_Requirement_:
Output consists of the line that contains "The Devil's Crossroads, Clarksdale, Mississippi" plus every later line of the material below, each one duplicated exactly.

_Available data_:
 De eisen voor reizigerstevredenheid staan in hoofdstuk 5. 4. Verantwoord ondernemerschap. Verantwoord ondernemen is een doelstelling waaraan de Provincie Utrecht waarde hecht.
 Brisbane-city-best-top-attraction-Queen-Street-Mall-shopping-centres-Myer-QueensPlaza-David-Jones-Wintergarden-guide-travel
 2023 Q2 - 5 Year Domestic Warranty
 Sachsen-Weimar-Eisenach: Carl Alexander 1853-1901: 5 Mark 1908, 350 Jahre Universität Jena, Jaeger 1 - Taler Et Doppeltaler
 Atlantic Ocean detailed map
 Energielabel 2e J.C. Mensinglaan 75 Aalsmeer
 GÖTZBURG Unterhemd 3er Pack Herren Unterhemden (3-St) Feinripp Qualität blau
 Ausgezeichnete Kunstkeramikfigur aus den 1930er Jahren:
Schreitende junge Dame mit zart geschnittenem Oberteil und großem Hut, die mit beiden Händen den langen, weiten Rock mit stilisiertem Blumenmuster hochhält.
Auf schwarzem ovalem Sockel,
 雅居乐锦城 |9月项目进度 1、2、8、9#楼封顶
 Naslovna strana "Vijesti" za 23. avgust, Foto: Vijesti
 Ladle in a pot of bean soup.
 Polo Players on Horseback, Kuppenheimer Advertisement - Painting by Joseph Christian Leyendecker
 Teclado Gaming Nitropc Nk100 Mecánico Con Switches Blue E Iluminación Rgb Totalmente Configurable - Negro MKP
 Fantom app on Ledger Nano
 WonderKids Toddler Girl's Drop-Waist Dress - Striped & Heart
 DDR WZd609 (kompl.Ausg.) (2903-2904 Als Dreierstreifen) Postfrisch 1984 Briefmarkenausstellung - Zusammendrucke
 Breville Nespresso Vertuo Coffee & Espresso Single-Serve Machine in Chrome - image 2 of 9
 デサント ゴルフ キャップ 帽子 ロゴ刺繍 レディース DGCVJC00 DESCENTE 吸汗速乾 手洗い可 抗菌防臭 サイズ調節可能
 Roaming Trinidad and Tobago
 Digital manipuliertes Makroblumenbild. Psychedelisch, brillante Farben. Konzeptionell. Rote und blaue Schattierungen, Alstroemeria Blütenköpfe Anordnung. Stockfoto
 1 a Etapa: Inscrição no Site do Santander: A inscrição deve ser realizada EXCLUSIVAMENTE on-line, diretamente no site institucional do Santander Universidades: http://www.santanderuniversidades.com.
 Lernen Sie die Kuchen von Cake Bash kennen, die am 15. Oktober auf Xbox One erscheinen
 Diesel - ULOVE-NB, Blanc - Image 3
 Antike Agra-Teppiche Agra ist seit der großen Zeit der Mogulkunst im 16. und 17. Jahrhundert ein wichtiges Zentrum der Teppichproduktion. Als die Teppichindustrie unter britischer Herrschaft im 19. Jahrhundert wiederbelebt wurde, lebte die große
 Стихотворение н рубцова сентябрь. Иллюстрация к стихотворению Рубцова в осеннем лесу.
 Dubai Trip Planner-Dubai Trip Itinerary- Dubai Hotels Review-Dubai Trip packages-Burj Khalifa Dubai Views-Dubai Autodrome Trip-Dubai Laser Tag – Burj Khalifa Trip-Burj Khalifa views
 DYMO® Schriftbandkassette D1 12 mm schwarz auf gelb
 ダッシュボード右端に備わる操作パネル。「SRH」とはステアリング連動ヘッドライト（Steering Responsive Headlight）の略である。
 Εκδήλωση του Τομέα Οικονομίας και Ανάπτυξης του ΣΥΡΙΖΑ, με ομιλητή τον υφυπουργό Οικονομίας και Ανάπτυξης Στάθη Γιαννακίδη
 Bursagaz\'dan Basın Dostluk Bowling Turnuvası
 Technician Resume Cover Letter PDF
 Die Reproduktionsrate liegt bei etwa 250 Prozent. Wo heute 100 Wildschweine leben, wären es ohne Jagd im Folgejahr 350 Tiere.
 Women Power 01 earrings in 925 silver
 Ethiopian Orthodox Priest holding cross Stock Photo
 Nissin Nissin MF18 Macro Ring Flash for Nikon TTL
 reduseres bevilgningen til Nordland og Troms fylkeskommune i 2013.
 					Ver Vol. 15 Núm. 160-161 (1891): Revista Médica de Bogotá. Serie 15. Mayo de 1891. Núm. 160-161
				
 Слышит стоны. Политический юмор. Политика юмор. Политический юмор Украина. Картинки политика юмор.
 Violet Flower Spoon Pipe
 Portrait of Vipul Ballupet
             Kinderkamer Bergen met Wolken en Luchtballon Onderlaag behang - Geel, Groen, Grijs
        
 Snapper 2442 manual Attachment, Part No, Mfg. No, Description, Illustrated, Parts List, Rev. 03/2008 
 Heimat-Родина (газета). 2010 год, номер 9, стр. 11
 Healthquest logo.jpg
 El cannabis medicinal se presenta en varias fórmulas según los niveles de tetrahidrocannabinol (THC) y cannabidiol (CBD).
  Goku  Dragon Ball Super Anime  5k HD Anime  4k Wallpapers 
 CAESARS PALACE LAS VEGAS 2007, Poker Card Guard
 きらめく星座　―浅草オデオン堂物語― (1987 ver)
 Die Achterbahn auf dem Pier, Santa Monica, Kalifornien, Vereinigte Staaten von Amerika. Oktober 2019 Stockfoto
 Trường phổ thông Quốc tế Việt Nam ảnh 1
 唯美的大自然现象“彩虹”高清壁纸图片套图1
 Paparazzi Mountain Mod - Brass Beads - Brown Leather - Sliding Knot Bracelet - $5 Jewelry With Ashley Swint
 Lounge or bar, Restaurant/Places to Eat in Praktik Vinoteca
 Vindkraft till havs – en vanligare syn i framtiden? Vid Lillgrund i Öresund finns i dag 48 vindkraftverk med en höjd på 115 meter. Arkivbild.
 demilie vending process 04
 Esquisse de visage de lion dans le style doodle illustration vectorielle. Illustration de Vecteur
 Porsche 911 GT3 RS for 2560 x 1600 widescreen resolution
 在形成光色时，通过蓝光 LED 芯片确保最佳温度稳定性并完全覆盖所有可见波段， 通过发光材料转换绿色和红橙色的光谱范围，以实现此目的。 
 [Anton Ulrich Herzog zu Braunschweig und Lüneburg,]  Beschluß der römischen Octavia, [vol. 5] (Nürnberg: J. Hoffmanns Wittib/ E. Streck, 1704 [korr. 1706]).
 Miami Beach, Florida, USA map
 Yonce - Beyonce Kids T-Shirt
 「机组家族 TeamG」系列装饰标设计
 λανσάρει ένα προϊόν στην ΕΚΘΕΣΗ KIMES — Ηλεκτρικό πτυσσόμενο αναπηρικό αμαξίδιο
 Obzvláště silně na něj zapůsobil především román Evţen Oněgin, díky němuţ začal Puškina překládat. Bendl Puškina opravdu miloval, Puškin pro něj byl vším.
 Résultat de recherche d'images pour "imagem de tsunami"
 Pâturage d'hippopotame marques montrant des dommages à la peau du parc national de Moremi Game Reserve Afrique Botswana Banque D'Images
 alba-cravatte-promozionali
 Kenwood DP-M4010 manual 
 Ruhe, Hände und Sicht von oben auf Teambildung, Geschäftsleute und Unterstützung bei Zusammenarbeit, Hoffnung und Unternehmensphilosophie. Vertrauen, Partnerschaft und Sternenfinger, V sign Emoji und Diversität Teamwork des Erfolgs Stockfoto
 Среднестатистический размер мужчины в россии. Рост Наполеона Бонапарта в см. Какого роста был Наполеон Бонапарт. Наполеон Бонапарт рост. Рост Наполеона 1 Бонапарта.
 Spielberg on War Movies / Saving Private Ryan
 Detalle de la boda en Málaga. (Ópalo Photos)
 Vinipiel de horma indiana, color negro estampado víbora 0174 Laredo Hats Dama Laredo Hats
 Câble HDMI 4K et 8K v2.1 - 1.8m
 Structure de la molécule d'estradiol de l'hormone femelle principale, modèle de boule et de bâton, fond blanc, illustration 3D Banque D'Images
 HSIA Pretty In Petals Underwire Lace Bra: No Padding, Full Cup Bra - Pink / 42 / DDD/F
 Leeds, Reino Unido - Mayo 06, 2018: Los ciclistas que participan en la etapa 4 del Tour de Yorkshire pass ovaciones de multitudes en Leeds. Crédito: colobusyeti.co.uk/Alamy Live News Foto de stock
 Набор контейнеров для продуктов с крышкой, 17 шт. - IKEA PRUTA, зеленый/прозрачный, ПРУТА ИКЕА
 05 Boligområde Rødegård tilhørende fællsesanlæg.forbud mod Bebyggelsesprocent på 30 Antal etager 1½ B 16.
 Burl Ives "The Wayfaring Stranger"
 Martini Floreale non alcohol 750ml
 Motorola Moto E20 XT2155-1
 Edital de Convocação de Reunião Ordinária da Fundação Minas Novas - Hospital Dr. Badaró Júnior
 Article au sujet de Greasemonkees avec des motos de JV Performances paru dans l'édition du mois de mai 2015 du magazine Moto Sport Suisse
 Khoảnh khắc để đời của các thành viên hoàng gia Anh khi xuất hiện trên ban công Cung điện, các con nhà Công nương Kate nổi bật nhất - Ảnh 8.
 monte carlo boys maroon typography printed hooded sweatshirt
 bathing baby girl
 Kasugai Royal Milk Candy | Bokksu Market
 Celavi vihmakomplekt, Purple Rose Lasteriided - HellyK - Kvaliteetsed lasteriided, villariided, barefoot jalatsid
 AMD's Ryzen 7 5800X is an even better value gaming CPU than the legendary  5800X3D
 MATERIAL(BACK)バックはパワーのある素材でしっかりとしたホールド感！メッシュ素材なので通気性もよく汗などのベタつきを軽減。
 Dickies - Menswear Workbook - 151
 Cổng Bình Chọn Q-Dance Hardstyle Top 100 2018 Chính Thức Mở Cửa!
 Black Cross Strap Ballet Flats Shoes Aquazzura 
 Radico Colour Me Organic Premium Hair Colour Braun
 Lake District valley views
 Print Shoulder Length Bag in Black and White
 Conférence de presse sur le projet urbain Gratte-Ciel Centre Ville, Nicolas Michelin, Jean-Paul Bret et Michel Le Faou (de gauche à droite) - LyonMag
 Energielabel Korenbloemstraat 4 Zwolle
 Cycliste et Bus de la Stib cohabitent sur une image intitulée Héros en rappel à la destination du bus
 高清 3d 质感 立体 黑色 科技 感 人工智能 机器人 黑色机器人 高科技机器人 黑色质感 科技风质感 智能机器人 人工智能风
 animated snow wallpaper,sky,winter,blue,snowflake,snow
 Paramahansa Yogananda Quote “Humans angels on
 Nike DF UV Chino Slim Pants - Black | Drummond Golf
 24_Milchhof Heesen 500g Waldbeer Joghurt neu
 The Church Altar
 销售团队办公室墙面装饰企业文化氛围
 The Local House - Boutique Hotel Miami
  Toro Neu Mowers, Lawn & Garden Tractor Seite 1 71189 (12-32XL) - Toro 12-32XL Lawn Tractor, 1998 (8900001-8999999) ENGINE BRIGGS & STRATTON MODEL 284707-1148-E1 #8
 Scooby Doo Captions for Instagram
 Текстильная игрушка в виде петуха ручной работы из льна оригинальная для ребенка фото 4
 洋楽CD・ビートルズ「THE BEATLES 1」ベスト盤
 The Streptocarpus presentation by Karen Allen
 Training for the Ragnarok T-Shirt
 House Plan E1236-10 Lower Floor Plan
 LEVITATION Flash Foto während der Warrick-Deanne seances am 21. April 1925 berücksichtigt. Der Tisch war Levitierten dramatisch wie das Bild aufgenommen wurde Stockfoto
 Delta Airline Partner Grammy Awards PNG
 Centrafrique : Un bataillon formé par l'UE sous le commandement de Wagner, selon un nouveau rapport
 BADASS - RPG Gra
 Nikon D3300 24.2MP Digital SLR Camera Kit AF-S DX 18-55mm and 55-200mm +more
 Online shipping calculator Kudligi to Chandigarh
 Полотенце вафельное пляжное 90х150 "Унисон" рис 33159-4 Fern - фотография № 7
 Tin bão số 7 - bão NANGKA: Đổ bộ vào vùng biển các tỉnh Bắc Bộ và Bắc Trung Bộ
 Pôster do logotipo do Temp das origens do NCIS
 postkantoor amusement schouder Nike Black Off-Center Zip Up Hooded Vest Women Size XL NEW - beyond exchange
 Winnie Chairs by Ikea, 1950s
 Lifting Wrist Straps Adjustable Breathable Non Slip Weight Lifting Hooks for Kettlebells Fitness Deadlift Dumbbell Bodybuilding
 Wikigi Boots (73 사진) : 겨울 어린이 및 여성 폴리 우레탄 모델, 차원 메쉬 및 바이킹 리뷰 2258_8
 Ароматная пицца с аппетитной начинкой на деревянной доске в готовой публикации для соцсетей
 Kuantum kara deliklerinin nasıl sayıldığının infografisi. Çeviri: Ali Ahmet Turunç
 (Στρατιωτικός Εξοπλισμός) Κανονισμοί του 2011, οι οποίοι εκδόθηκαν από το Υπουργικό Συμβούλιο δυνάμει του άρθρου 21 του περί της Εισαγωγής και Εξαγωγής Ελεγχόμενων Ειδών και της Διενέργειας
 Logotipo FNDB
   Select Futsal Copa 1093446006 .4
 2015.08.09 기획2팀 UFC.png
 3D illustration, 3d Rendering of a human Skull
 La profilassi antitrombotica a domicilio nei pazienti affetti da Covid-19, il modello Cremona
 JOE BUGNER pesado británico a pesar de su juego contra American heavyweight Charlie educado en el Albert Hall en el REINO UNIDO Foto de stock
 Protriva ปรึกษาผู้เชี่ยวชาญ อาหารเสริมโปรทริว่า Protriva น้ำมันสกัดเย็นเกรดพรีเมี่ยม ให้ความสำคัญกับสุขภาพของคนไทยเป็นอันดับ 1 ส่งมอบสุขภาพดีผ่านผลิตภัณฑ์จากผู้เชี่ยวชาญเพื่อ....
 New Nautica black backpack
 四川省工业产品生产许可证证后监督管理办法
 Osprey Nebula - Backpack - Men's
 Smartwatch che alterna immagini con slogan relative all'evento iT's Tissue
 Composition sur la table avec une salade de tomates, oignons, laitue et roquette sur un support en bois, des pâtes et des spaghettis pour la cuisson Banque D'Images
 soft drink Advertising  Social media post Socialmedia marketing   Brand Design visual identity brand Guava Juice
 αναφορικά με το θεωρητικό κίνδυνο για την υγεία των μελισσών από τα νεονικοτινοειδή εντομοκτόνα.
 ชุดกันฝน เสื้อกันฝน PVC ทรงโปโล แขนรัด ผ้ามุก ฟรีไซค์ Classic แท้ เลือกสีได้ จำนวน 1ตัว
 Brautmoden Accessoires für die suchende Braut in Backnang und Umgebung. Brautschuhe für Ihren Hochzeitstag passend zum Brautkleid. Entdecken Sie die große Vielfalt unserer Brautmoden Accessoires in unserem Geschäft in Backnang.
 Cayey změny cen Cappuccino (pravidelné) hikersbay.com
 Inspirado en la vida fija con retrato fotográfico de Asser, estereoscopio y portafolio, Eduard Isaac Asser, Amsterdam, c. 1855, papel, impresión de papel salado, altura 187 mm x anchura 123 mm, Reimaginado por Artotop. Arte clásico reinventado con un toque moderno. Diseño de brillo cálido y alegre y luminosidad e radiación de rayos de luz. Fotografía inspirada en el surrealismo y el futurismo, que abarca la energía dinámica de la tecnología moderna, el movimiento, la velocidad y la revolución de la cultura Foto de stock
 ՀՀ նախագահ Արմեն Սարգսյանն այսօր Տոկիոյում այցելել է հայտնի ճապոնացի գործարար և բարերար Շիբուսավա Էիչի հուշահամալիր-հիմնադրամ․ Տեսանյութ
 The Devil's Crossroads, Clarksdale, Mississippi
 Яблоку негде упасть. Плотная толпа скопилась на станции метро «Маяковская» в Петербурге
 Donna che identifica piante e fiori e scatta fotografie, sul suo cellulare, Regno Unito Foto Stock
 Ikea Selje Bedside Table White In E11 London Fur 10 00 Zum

_Response to the task_:
 The Devil's Crossroads, Clarksdale, Mississippi
 Яблоку негде упасть. Плотная толпа скопилась на станции метро «Маяковская» в Петербурге
 Donna che identifica piante e fiori e scatta fotografie, sul suo cellulare, Regno Unito Foto Stock
 Ikea Selje Bedside Table White In E11 London Fur 10 00 Zum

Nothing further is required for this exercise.